Data for review below:

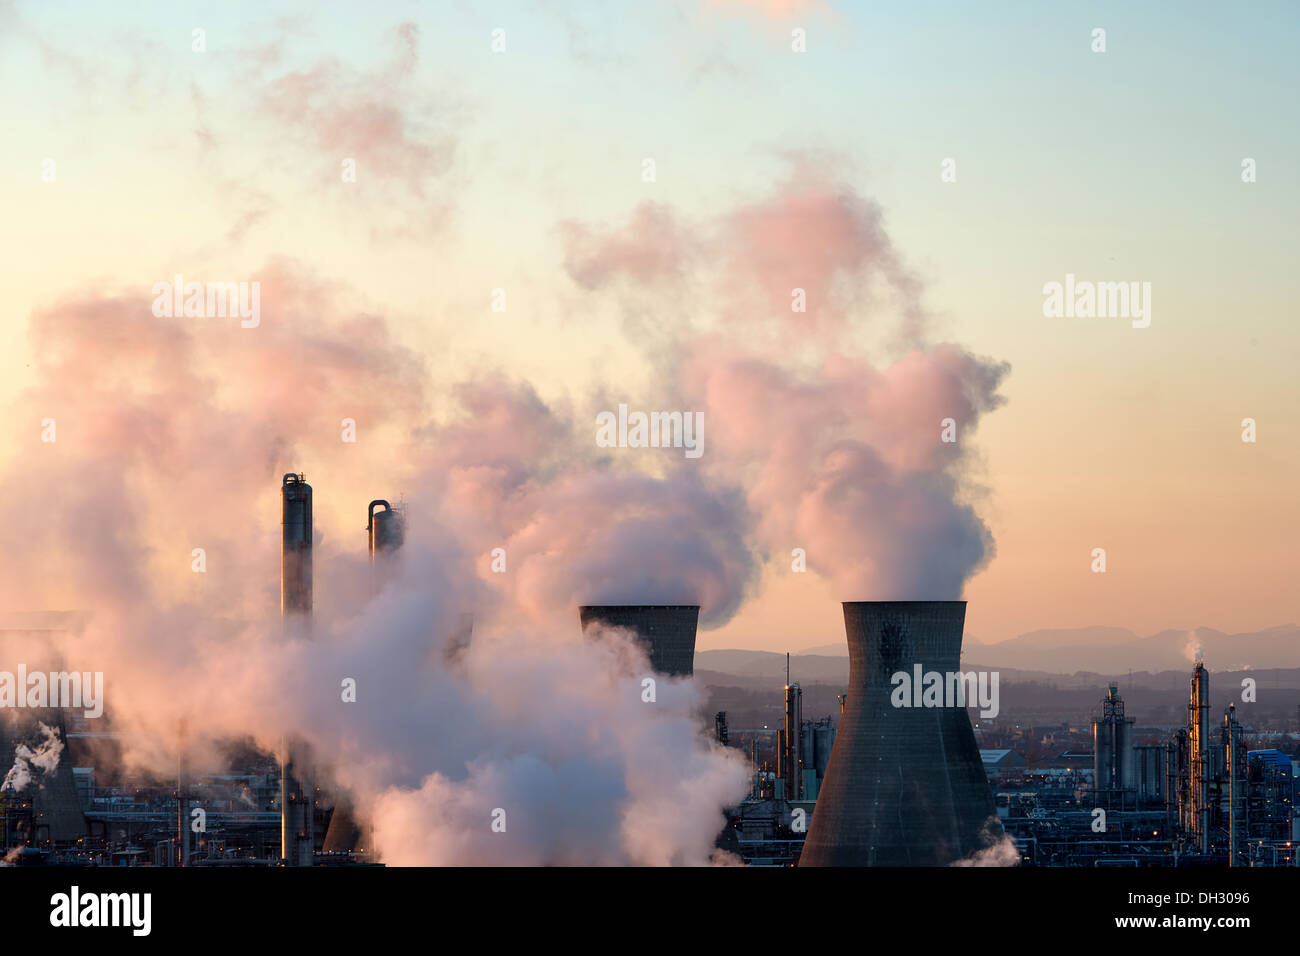 Les cheminées de la raffinerie de pétrole de Grangemouth crachant de la fumée dans l'atmosphère, la coloration rose de vapeurs au coucher du soleil Banque D'Images
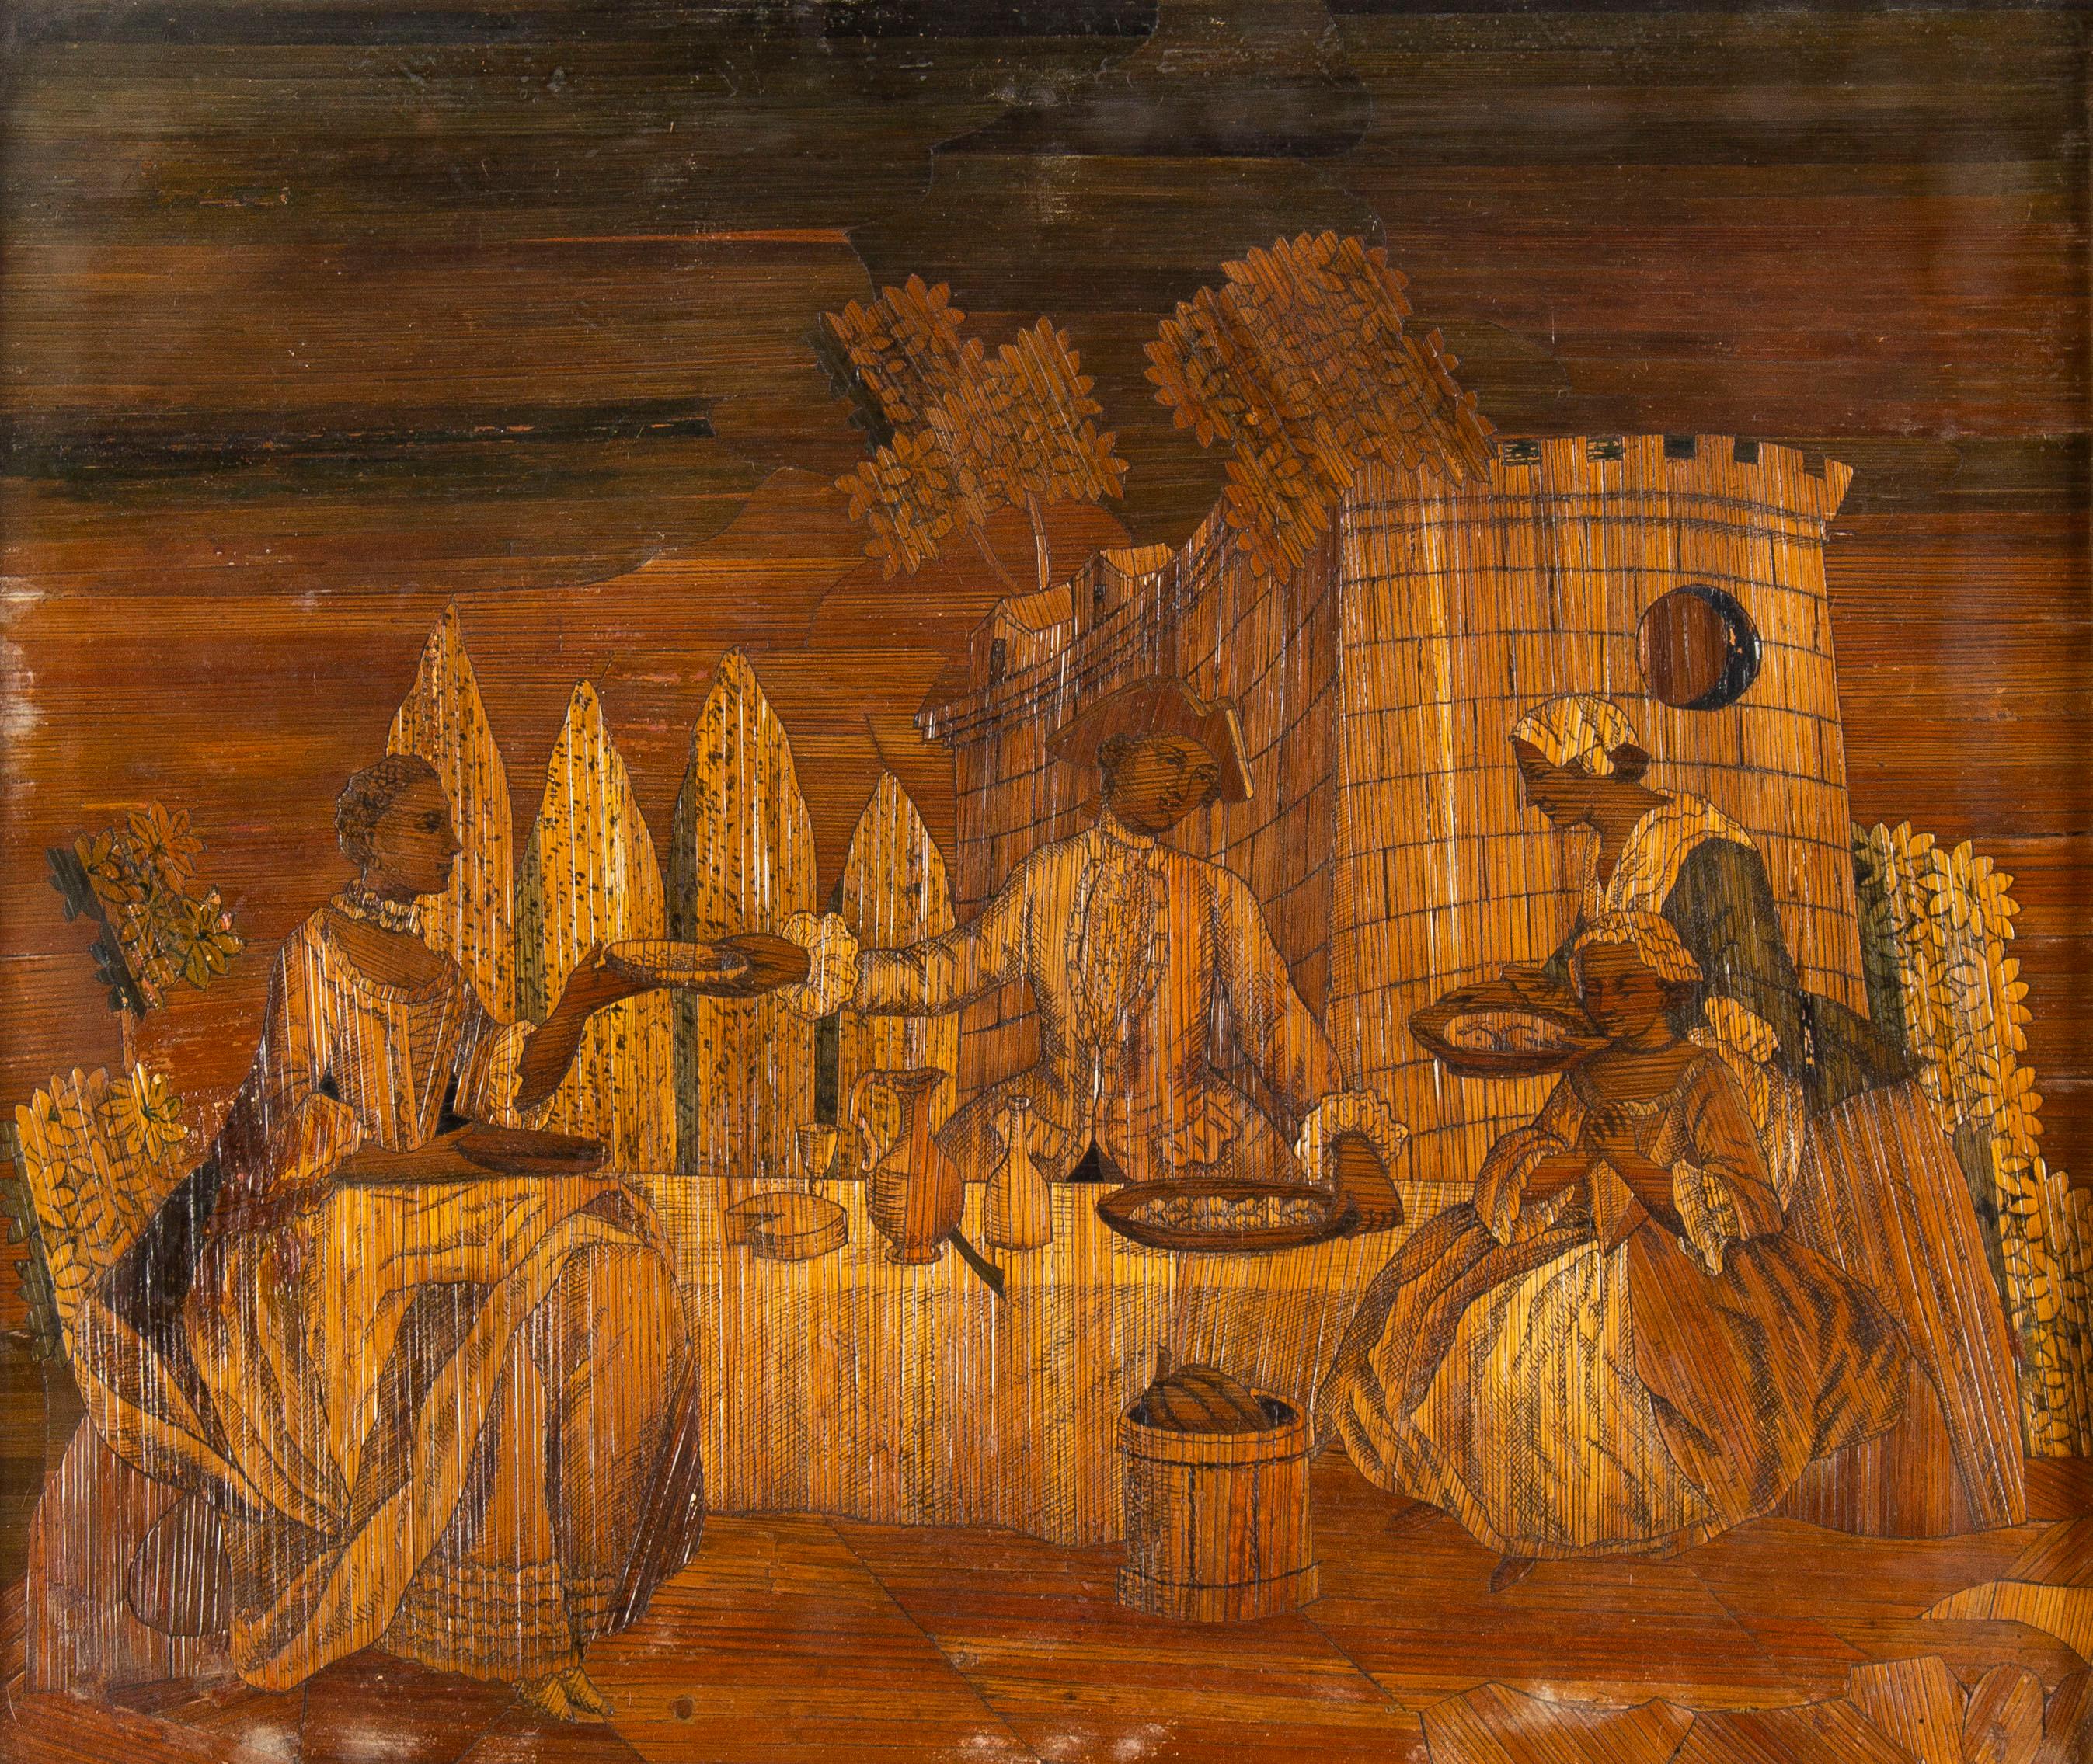 Fete Galante-Szene aus der Piemont-Schule des 18. Jahrhunderts.
Bambus-Inlay-Collage auf Leinwand in geschnitztem antiken Rahmen.

Netzgröße: 40 x 49 cm
Größe mit Rahmen: 53 x 61,5 cm

End of Data for review.

== Description of the task ==
Rewrite the data above exactly as given, but omit the images.

== Answer section ==
 Les cheminées de la raffinerie de pétrole de Grangemouth crachant de la fumée dans l'atmosphère, la coloration rose de vapeurs au coucher du soleil Banque D'Images
 Fete Galante-Szene aus der Piemont-Schule des 18. Jahrhunderts.
Bambus-Inlay-Collage auf Leinwand in geschnitztem antiken Rahmen.

Netzgröße: 40 x 49 cm
Größe mit Rahmen: 53 x 61,5 cm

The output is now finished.